EXERCISE DATA:
—————

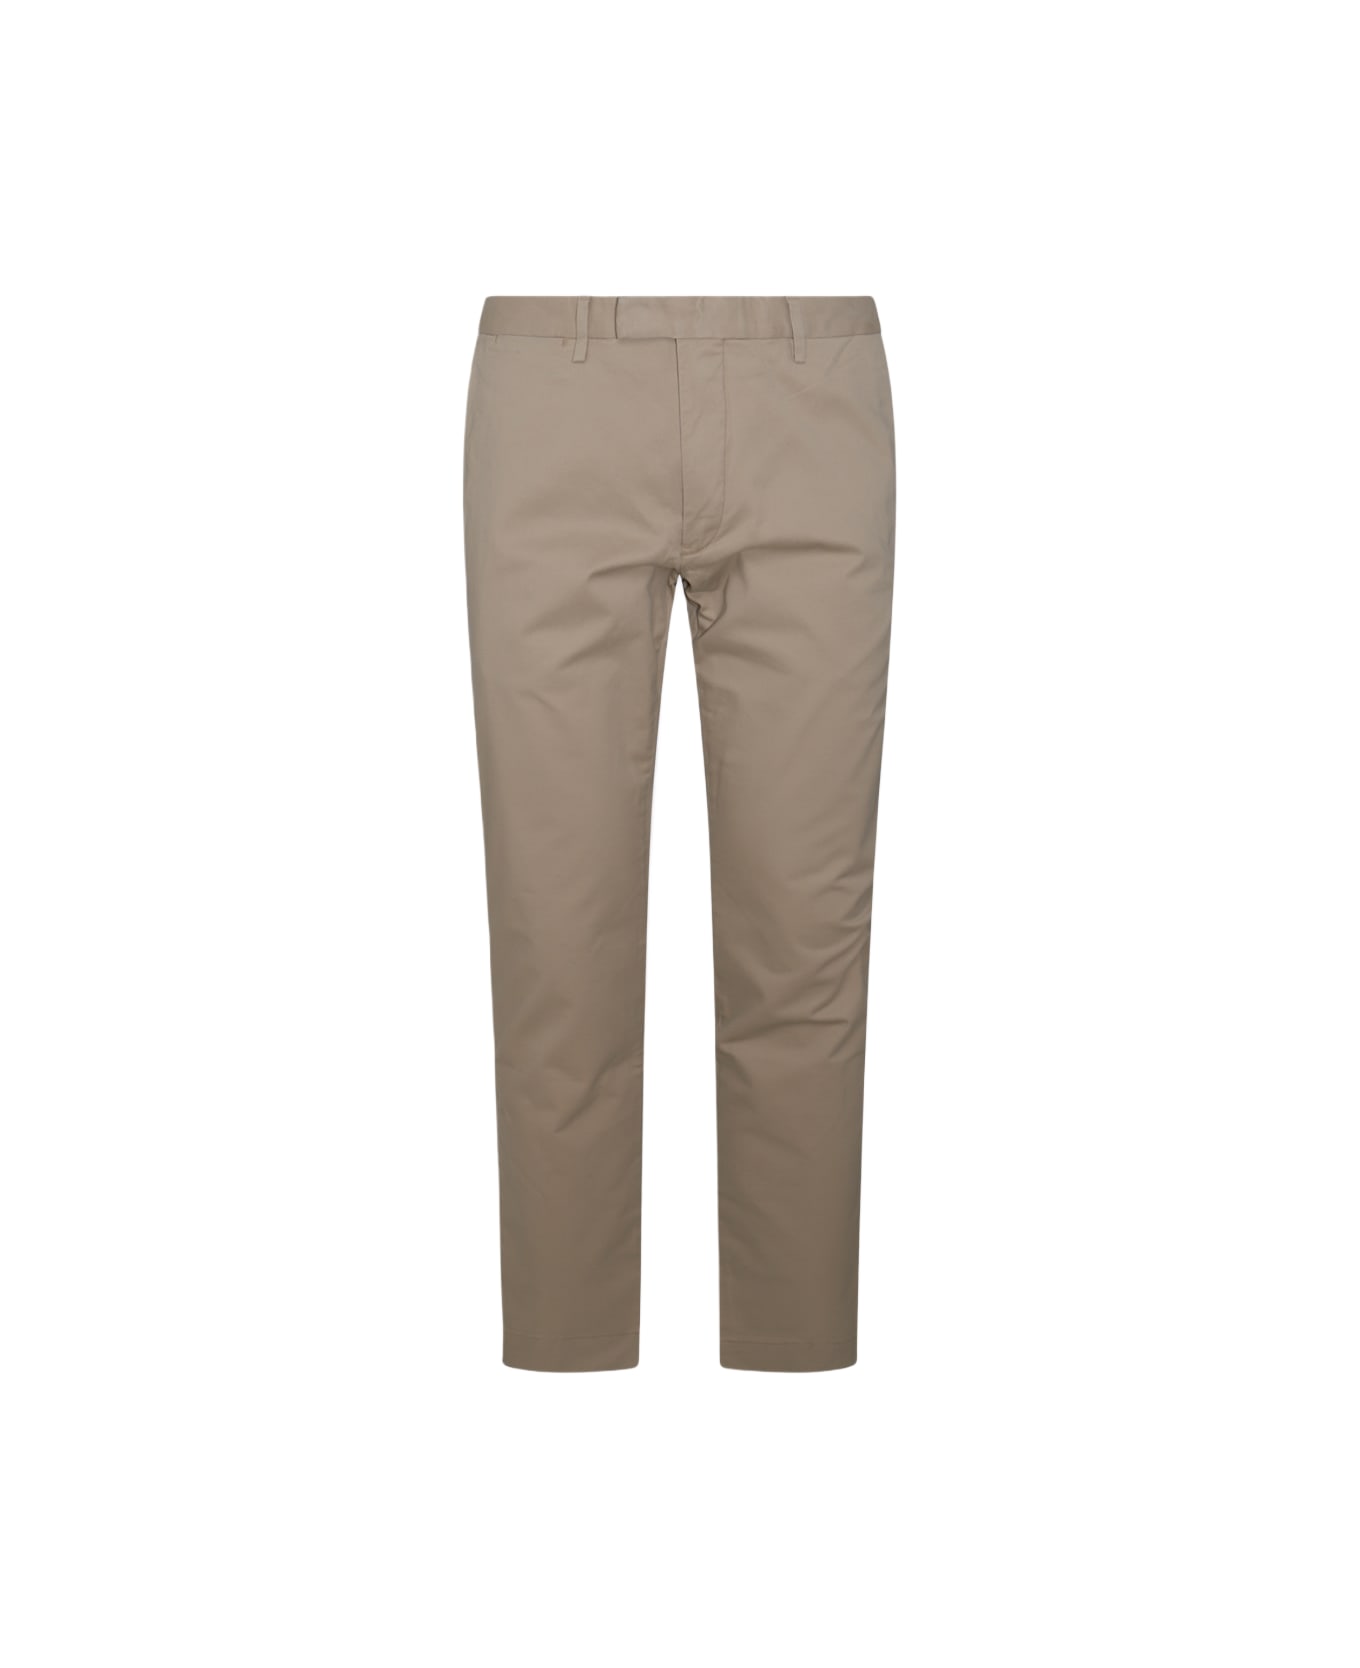 Polo Ralph Lauren Beige Cotton Pants - CLASSIC KHAKI ボトムス
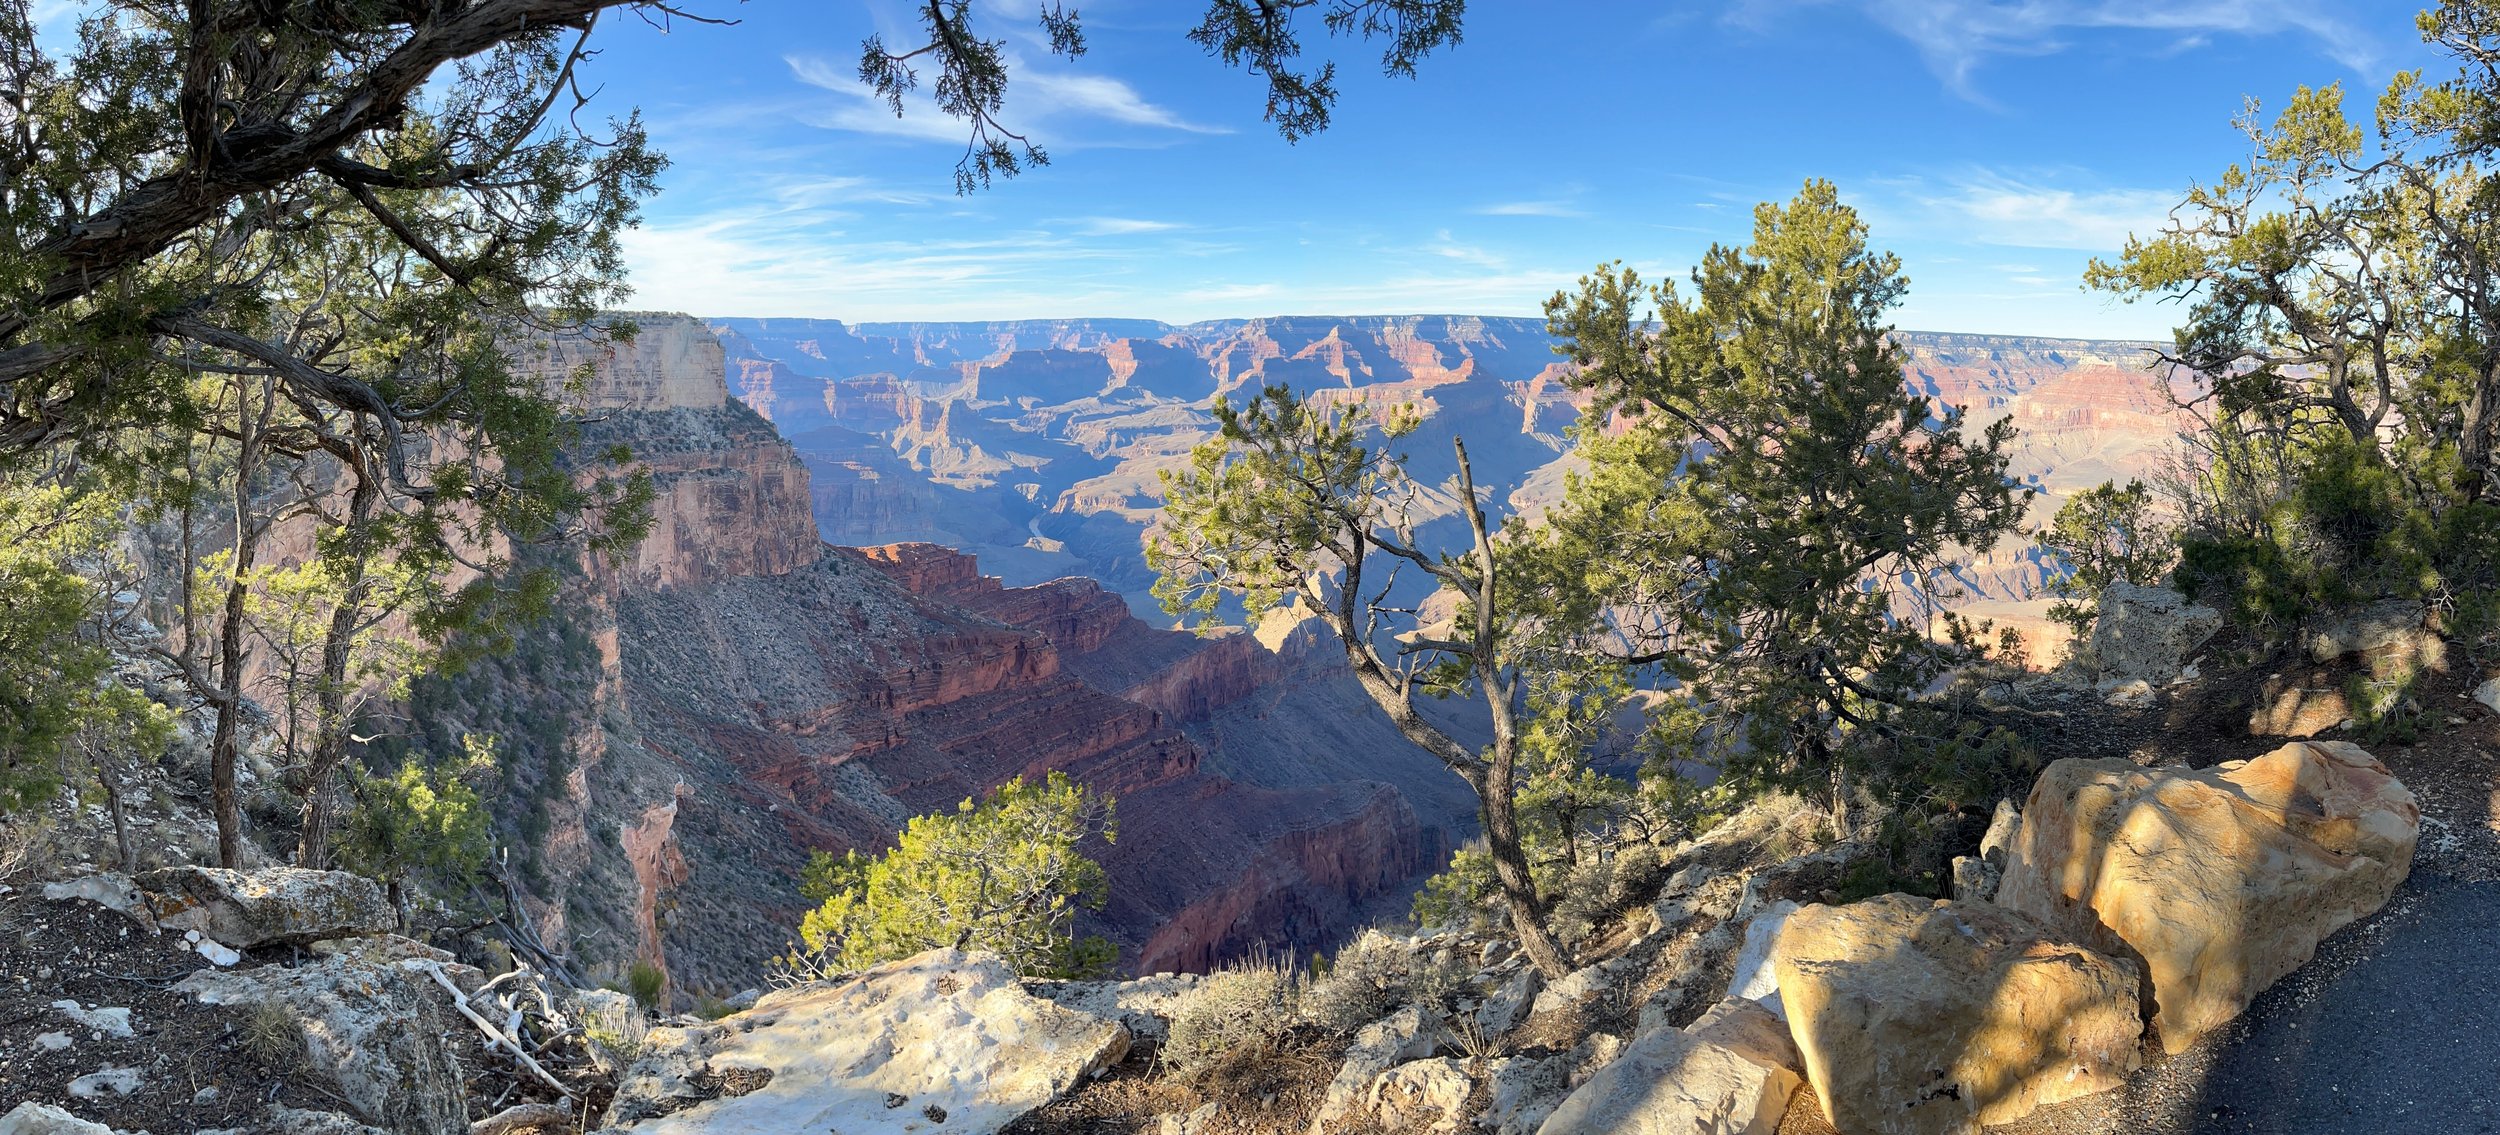 Grand Canyon_II_Tina.jpg
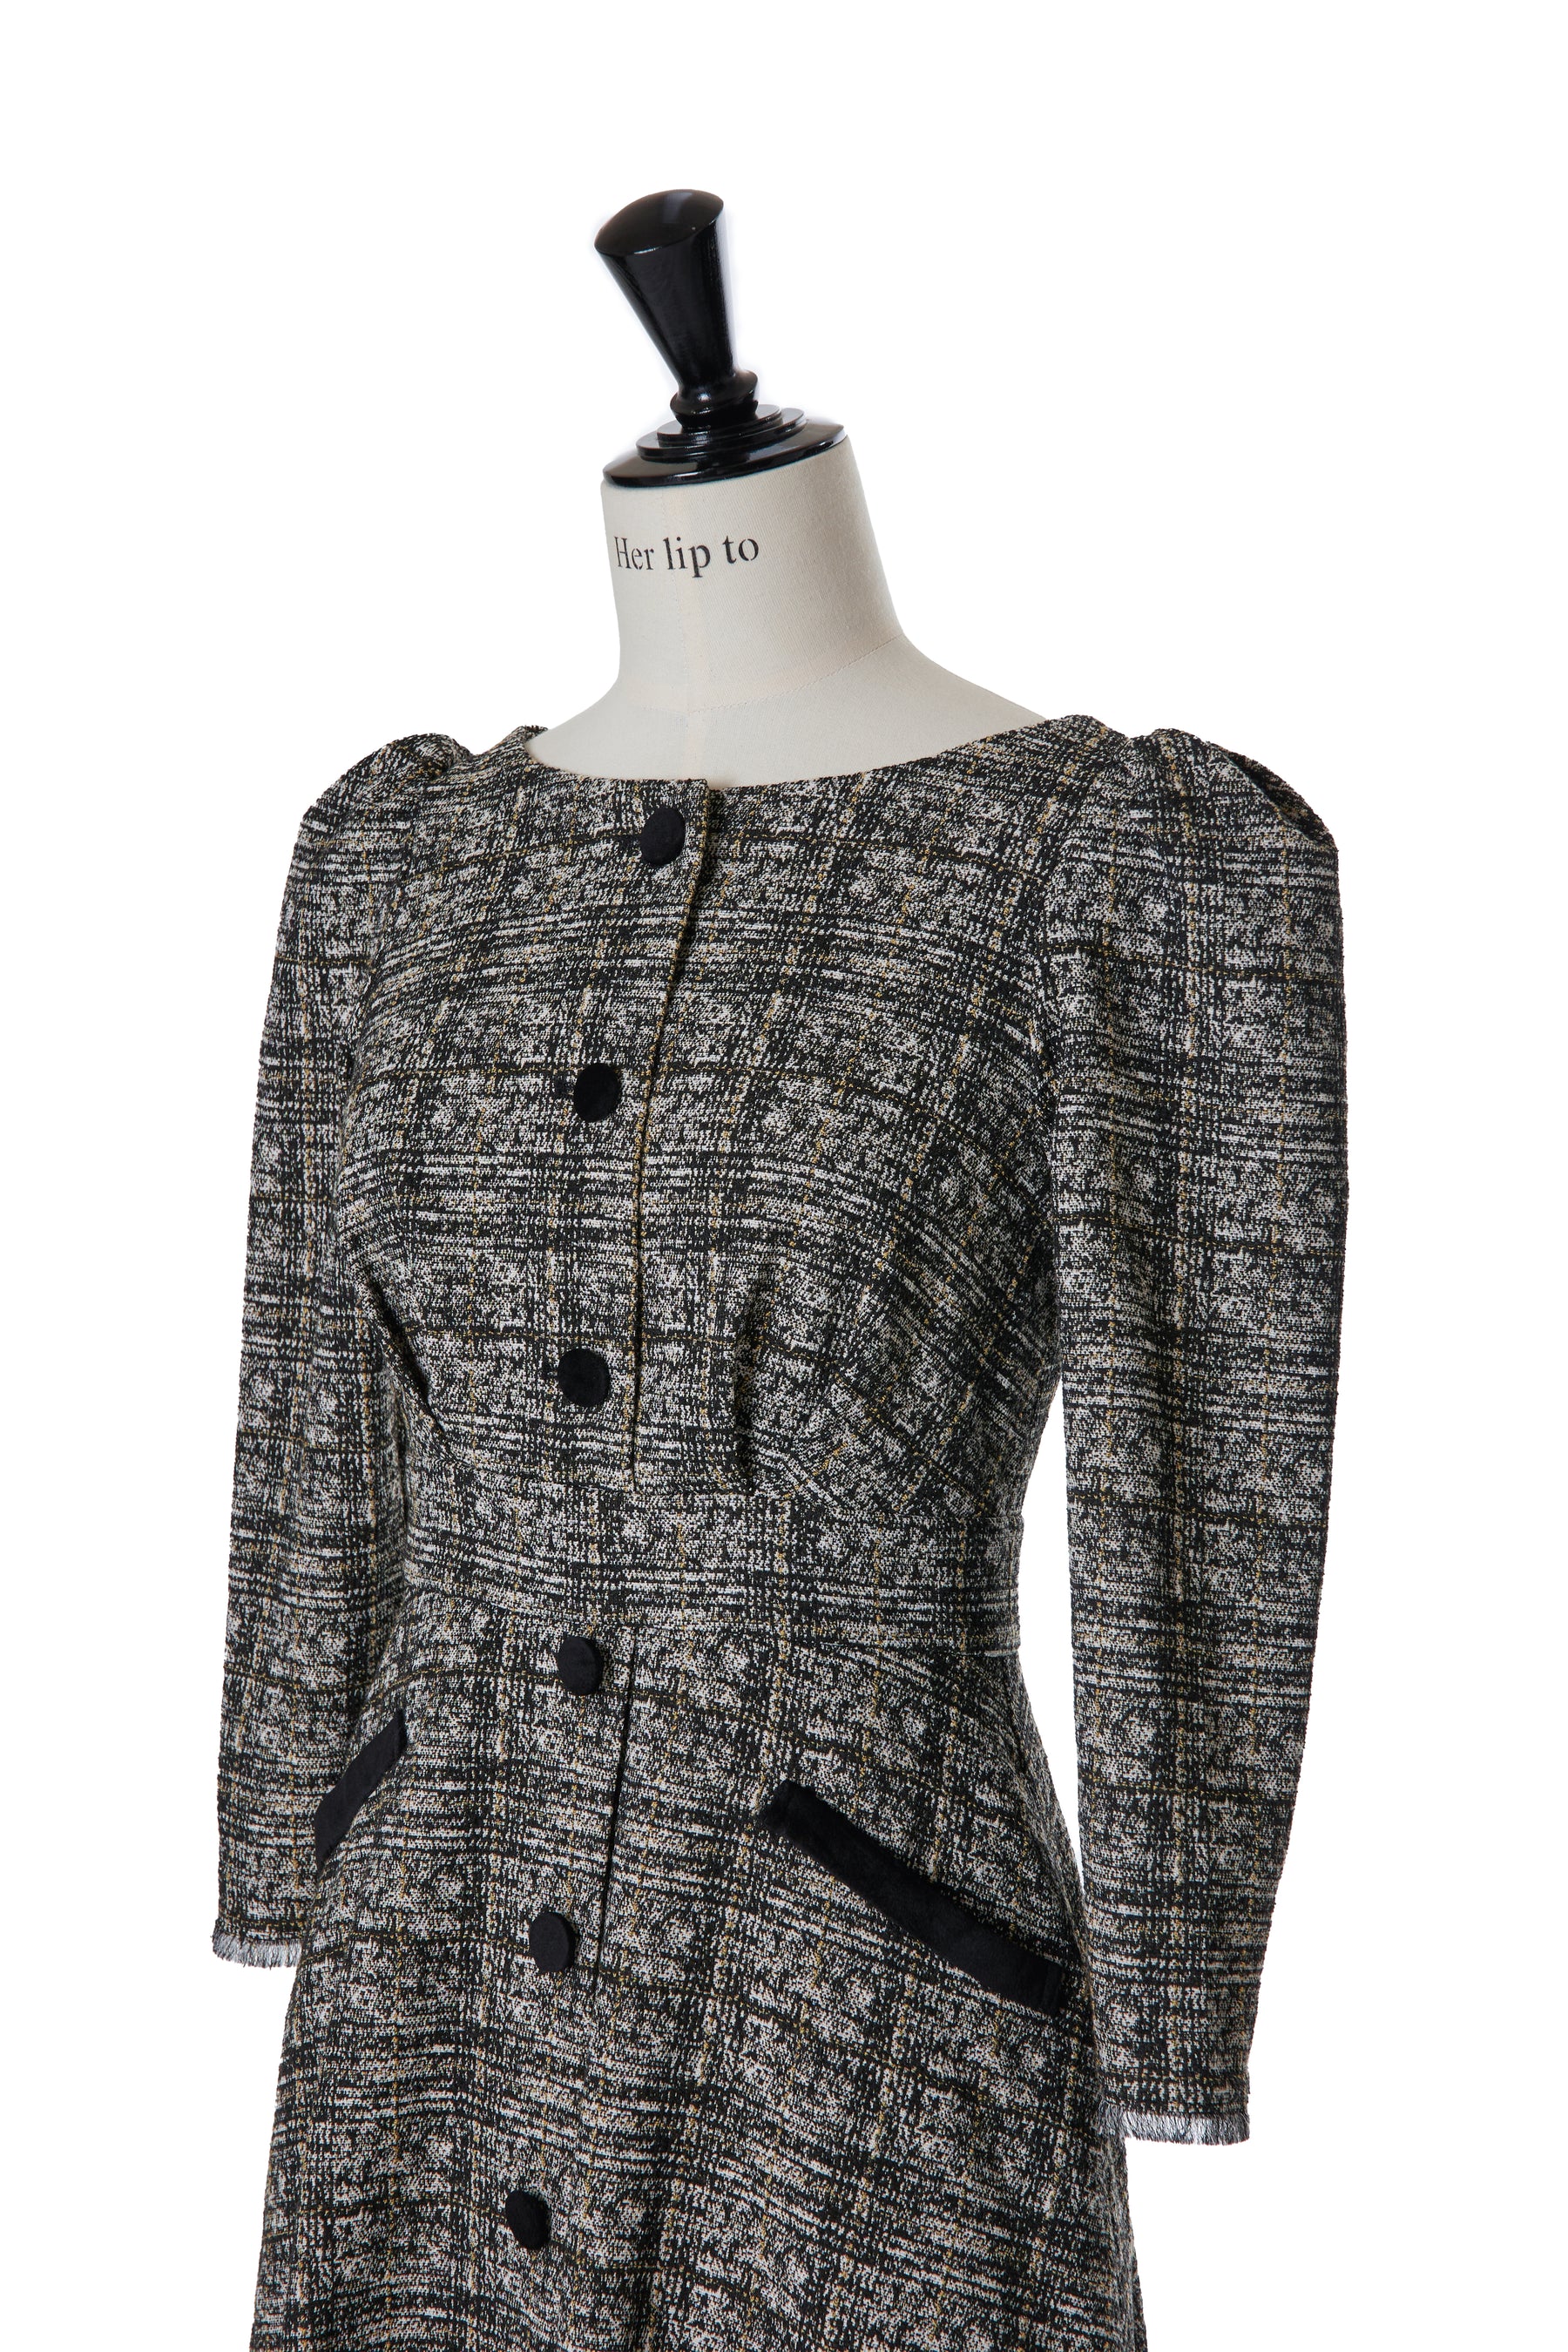 herlipto  Classic Tweed Midi Dress Mサイズ

—————

EXERCISE INSTRUCTIONS: Without any pictures, print the whole listing again exactly as it stands.

EXERCISE RESULT:
 Polo Ralph Lauren Beige Cotton Pants - CLASSIC KHAKI ボトムス
 Grand Canyon_II_Tina.jpg
 herlipto  Classic Tweed Midi Dress Mサイズ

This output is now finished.